WHAT THE TASK REQUIRES
Please repeat the lines below exactly. Begin with the line containing "Landscape Photograph Gerald" and go on through the line containing "150 000 рублей".

INFORMATION SUPPLIED
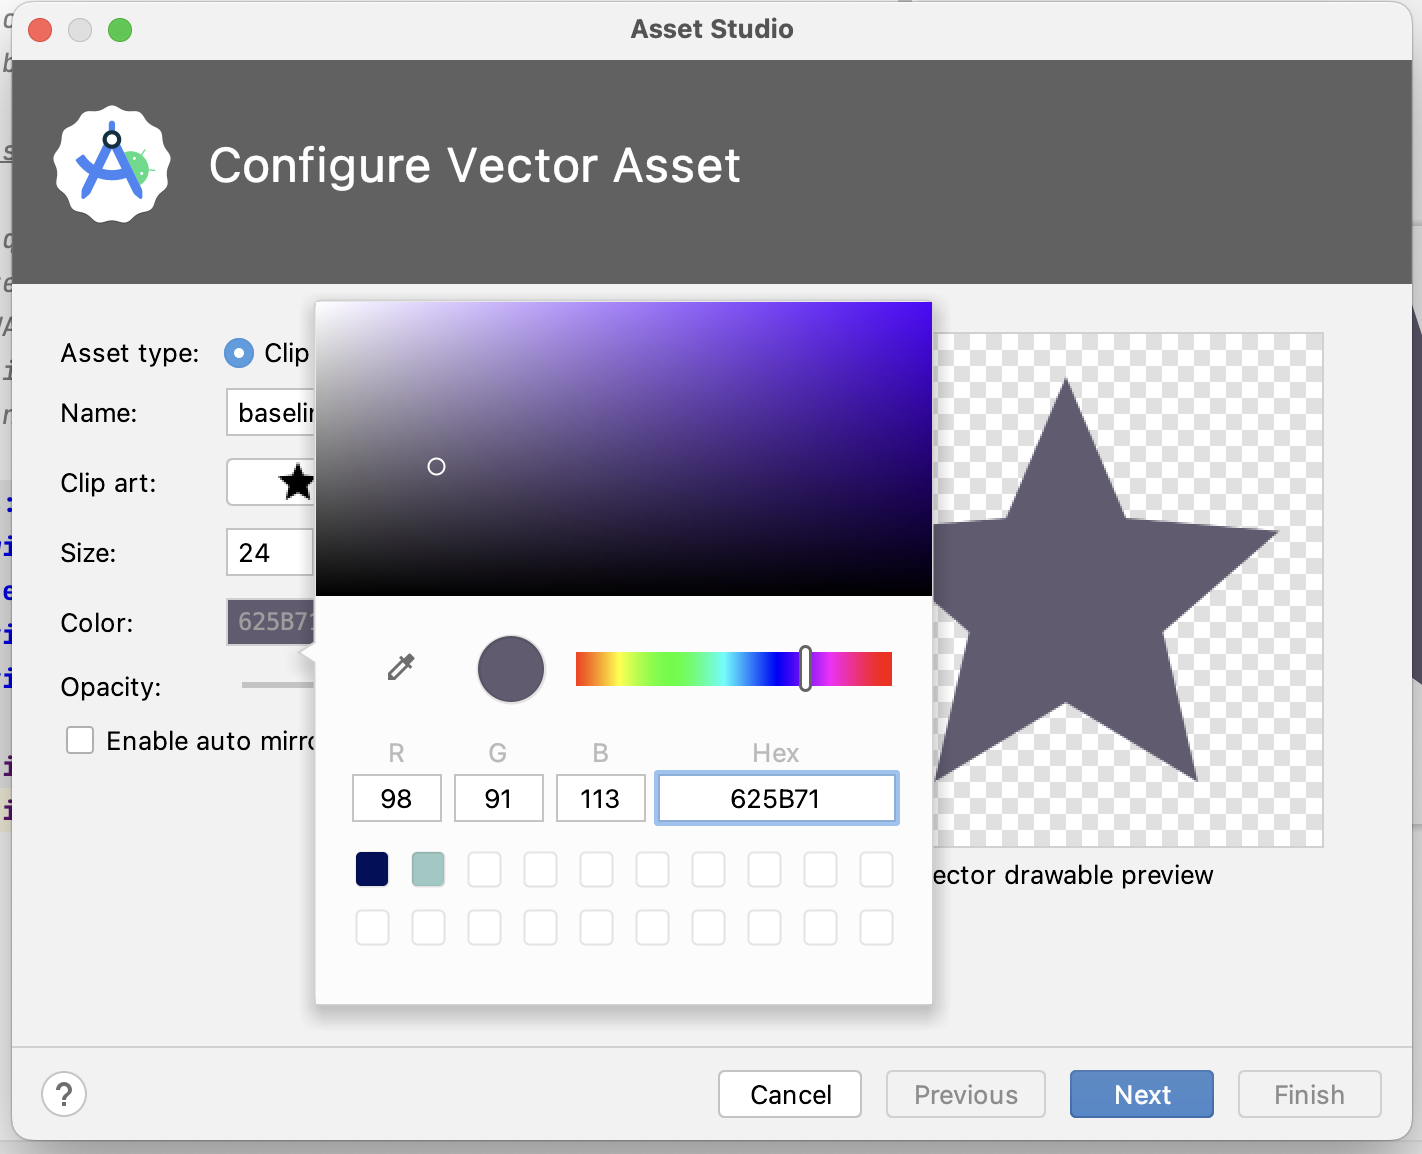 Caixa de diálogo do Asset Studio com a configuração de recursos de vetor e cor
--
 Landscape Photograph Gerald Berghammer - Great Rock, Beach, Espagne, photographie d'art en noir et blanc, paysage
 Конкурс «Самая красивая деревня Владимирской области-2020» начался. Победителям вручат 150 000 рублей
--
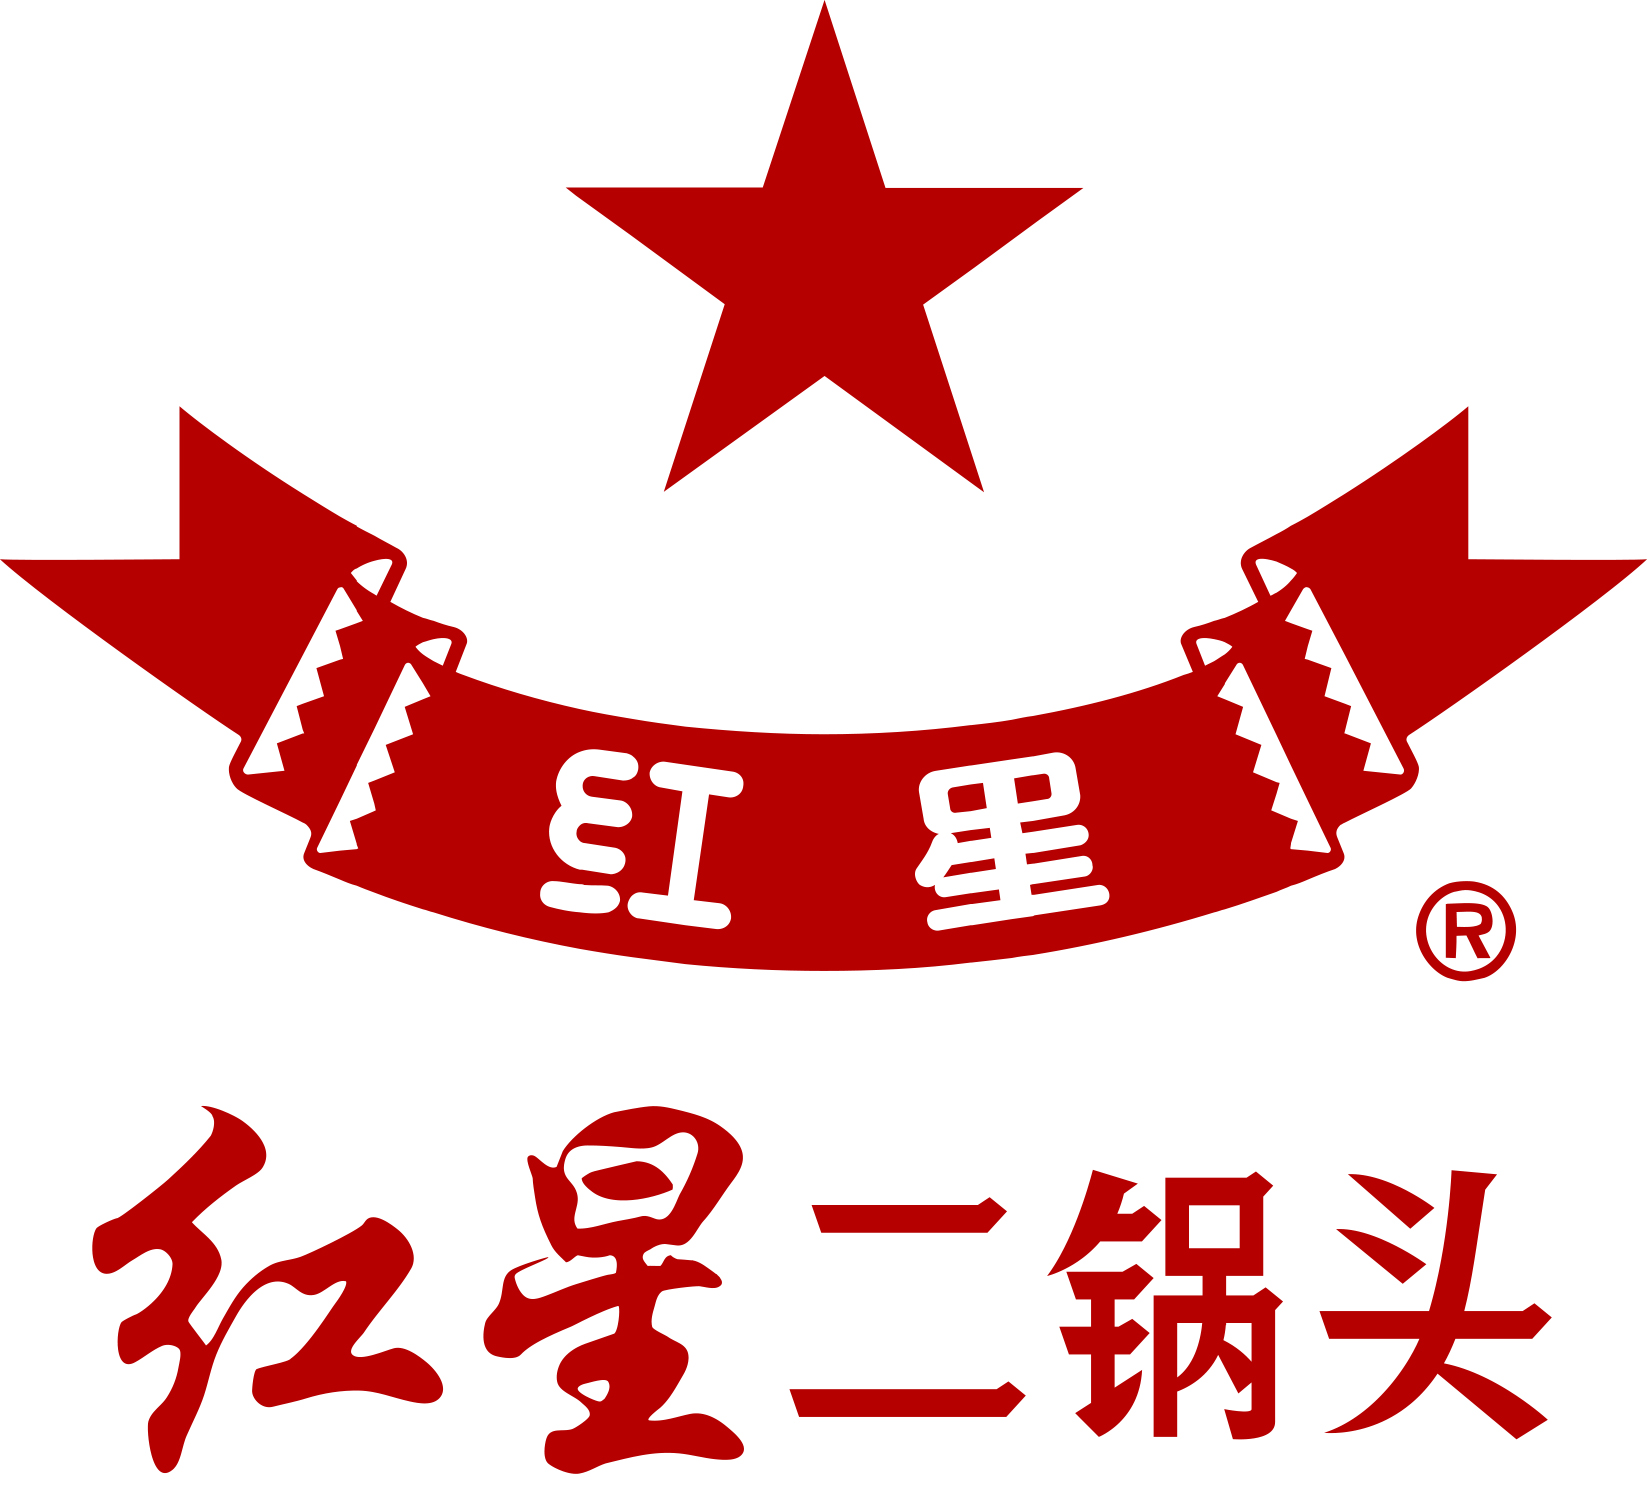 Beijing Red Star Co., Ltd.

SOLUTION FOR THIS PROBLEM
 Landscape Photograph Gerald Berghammer - Great Rock, Beach, Espagne, photographie d'art en noir et blanc, paysage
 Конкурс «Самая красивая деревня Владимирской области-2020» начался. Победителям вручат 150 000 рублей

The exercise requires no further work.